§ About this exercise: Give back the full listing exactly, setting the pictures aside.

§ Dataset extract:
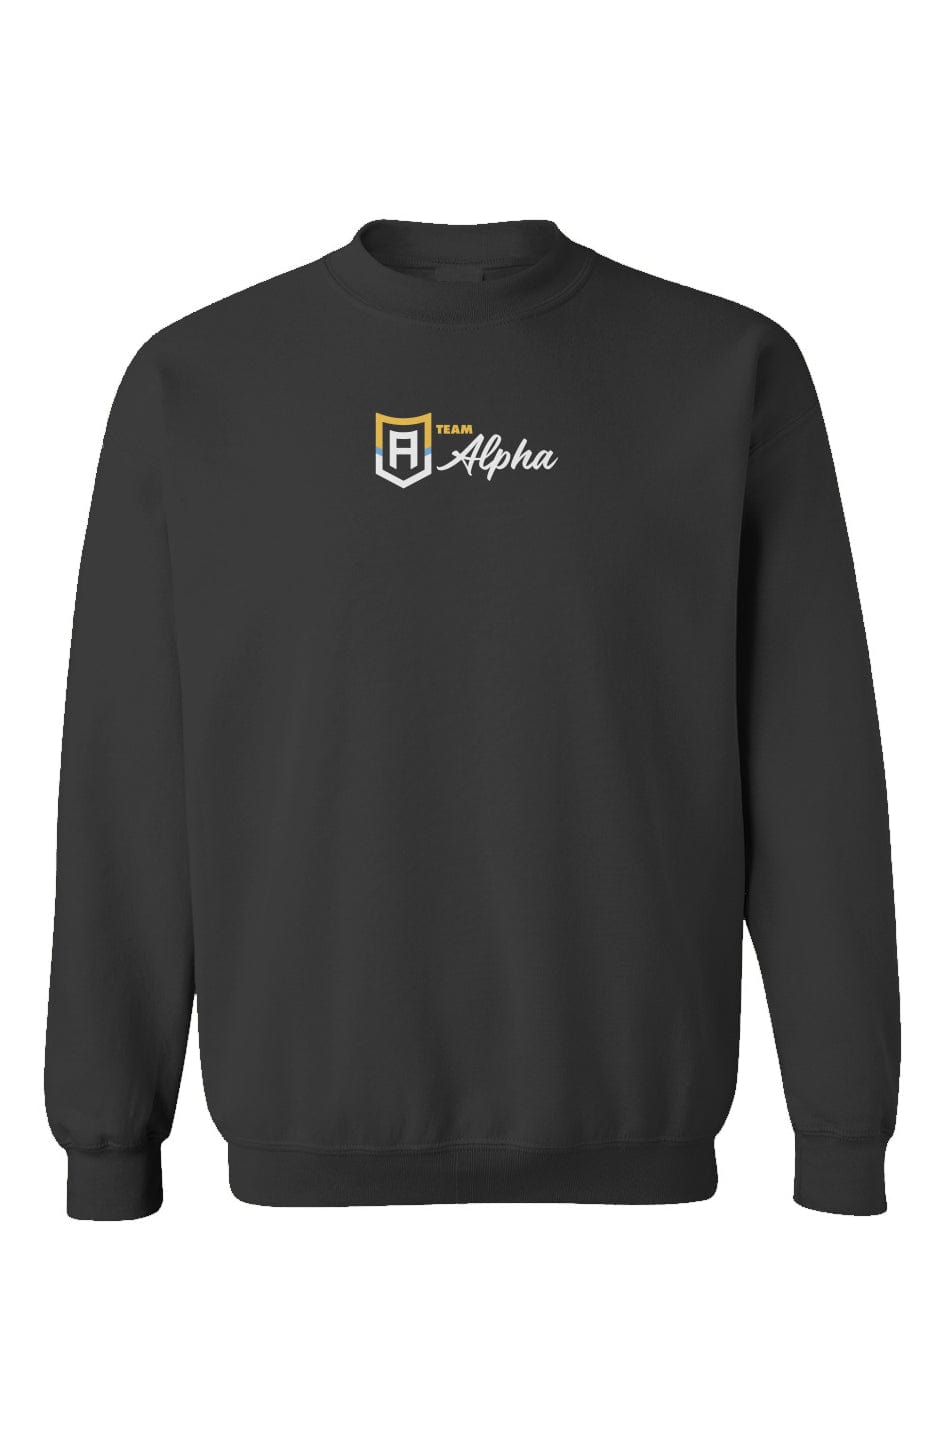 Alpha Lacrosse Premium Youth Sweatshirt Signature Lacrosse
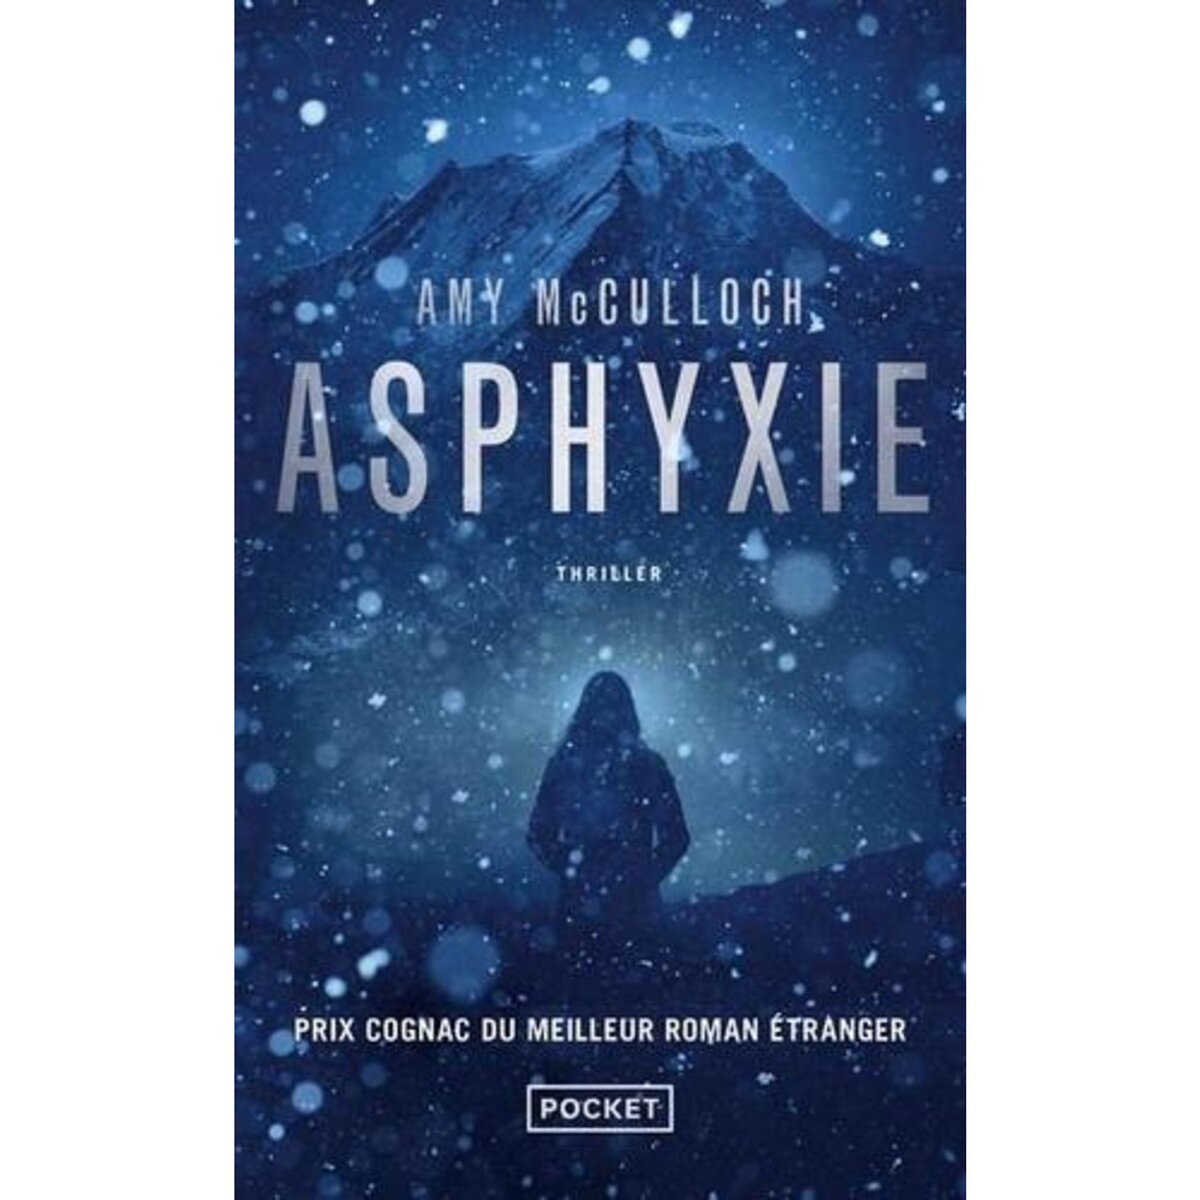  ASPHYXIE, McCulloch Amy
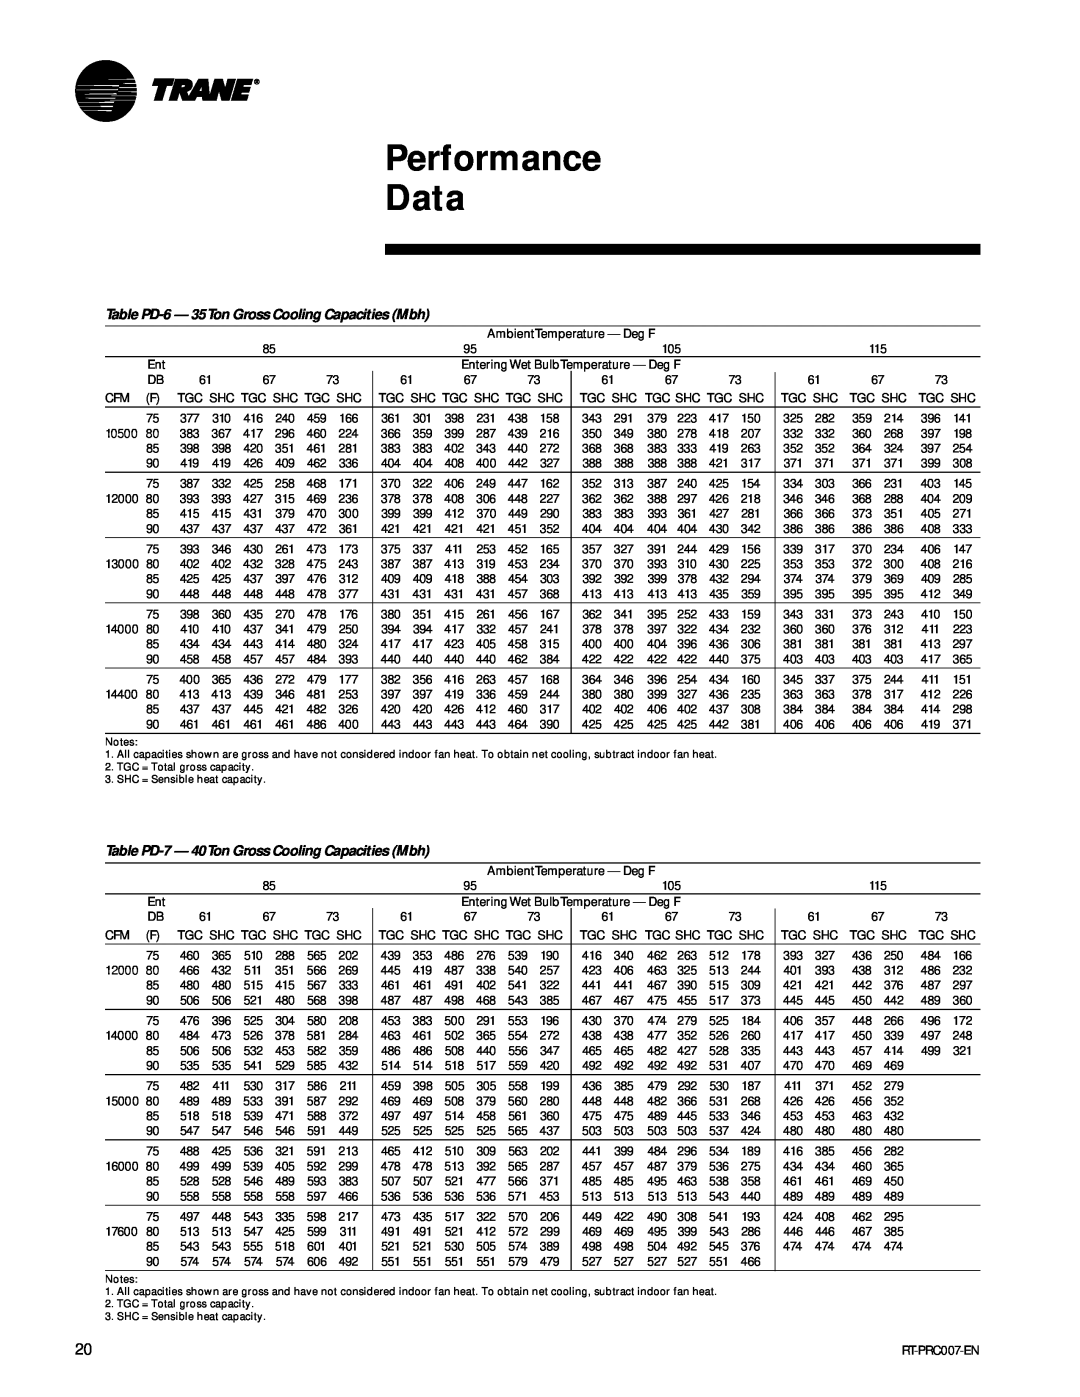 Trane RT-PRC007-EN manual Performance Data, Table PD-6- 35Ton Gross Cooling Capacities Mbh 
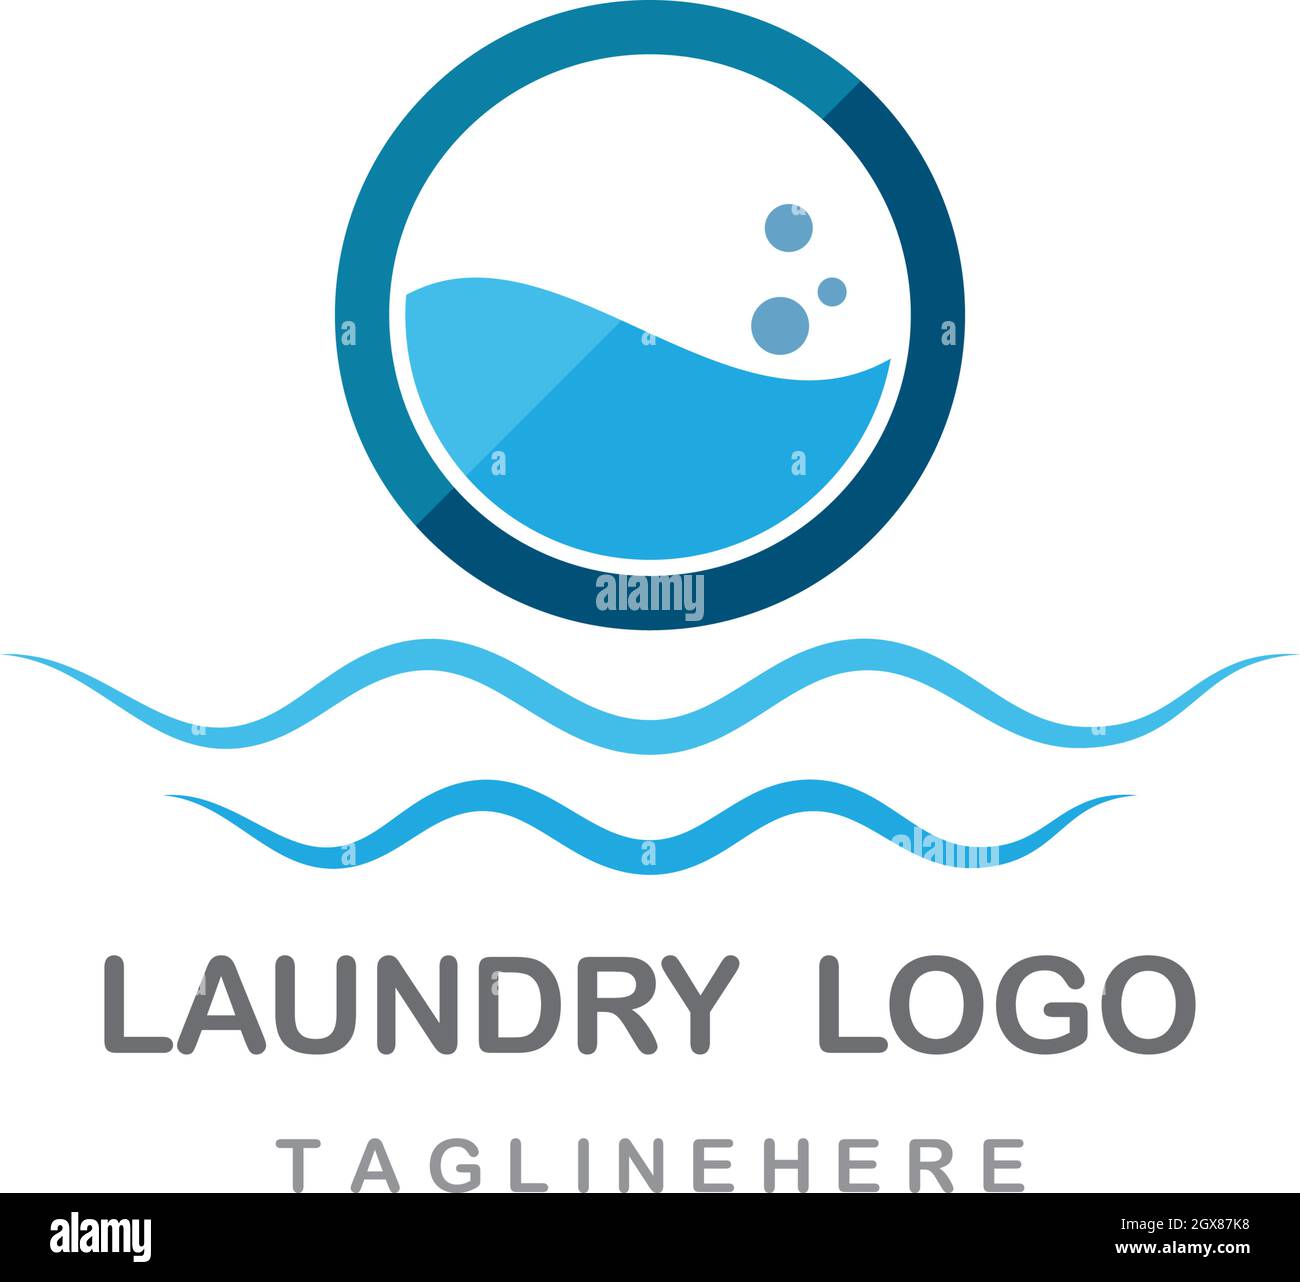 Laundry logo vector icon template Stock Vector

§ Task result:
 Alpha Lacrosse Premium Youth Sweatshirt Signature Lacrosse
  ASPHYXIE, McCulloch Amy
 Trane RT-PRC007-EN manual Performance Data, Table PD-6- 35Ton Gross Cooling Capacities Mbh 
 Laundry logo vector icon template Stock Vector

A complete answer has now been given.